Now set at an angle away from the wall so workers can better access it, “The Domes of the Yosemite” awaits the restoration work of ArtCare, a preservation organization with offices in New York, California and Miami. The company’s owner/president, Rustin Levenson, has been up to Vermont to perform what she called “emergency treatment” of Bierstadt’s painting.
“We’re really looking forward to it,” Levenson said of the project. “It’s an amazing picture.”
It’s an amazing picture that needs tender loving care. “The main concern is that the canvas is, you know, 150-some years old, more than that, and that it’s become weakened over time,” she said. The work is splitting at the fold where it’s tacked to the stretcher and starting collapse under its own weight, Levenson said.

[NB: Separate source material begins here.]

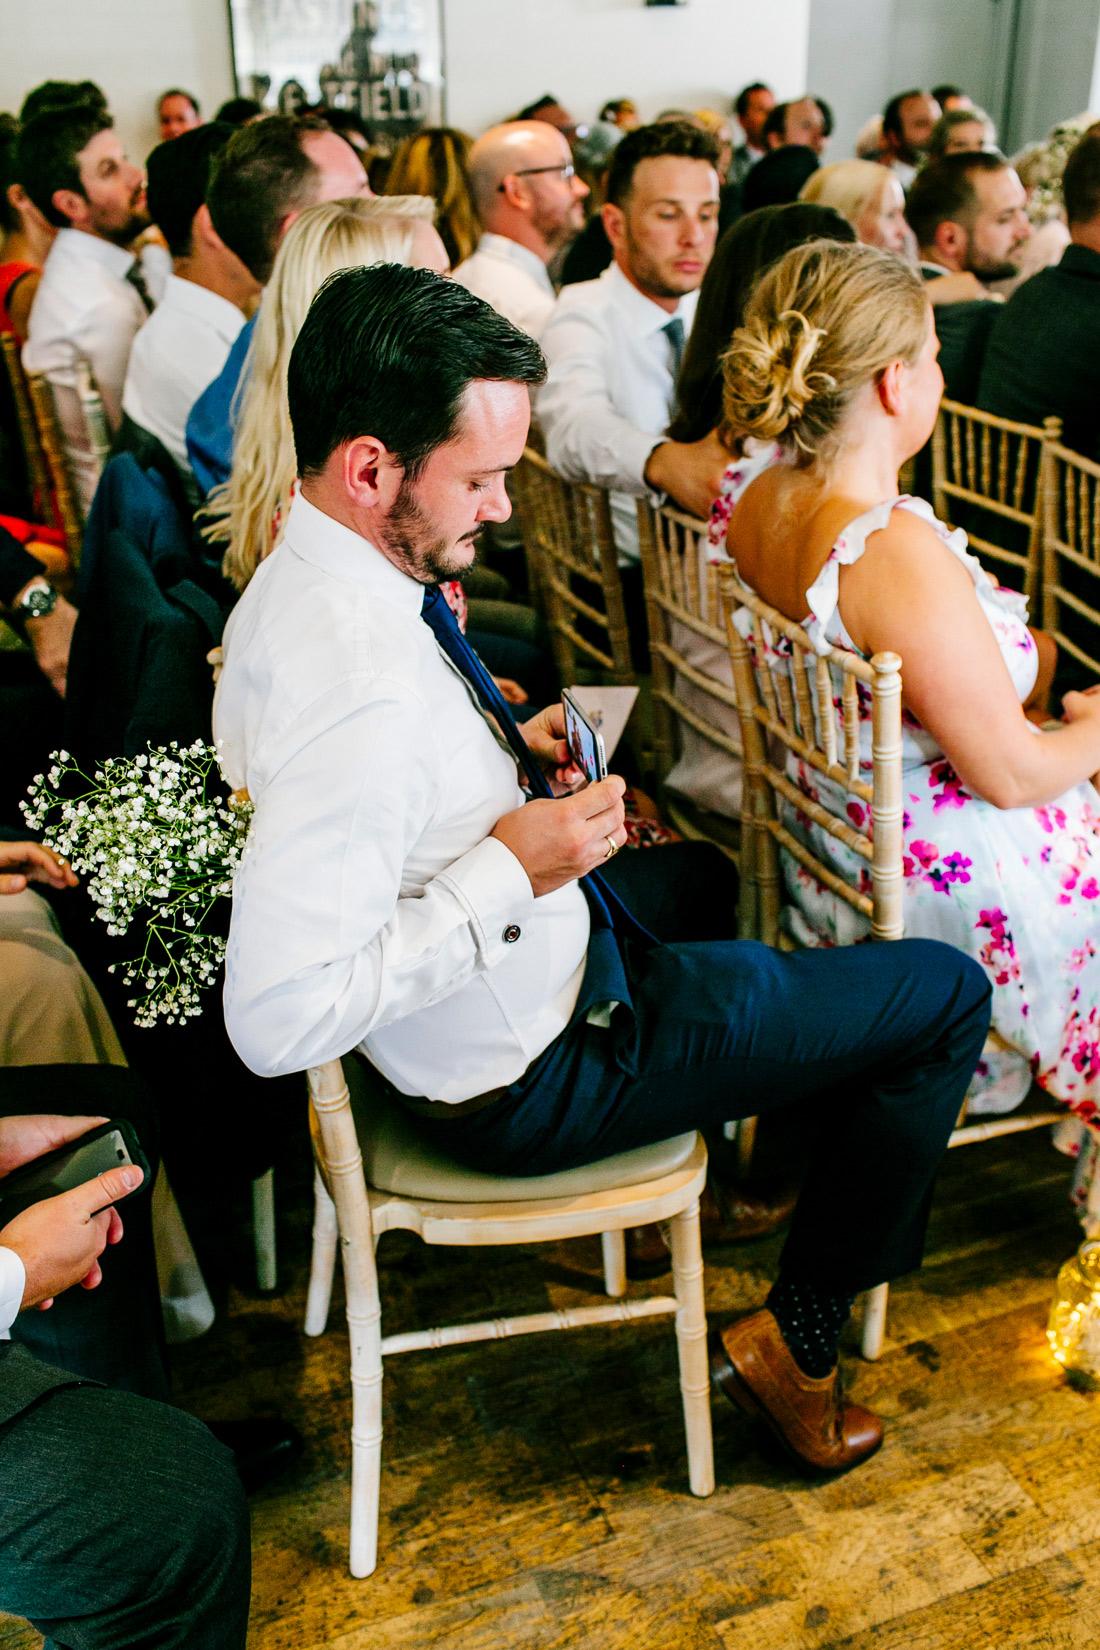 kent-wedding-photographer-Epic-Love-Story-001-37

“It’s definitely come to the moment in time where it needs some serious attention,” she said.
Her previous examination of “The Domes of the Yosemite” found a difference in the paint around the edge of the canvas from the face of the painting, which makes Levenson wonder if Bierstadt changed his mind about the painting as he went. While the painting is in Miami she said ArtCare will do some scholarly work as well as restoration.
“All that kind of nerdy science and art-historical stuff is going to be super-fun,” Levenson said.
The Athenaeum began a fundraising campaign last September to gather $100,000 from the organization’s group of donors and $50,000 from other sources including grants. The goal was to get to $100,000 by this October, but the tally has already reached $136,000, according to Scott Davis, development officer for the St. Johnsbury Athenaeum.
“They responded big-time for this painting,” Davis said of the donors. “We realized how much people really value it.”
There’s a reason for that, according to Davis, who said “The Domes of the Yosemite” is the most-significant work in one of the most-significant buildings in the community.
Come October, work crews will remove the canvas from the frame and the stretcher that supports the painting and roll it paint-side-out to reduce cracking before slipping “The Domes of the Yosemite” into a concrete tube for shipping. Joly said restorers will then take the painting out of St. Johnsbury for its trip to Miami in 21st-century style.
“They’re coming in a Mercedes-Benz van,” he said, “so it’s going to have a good ride.”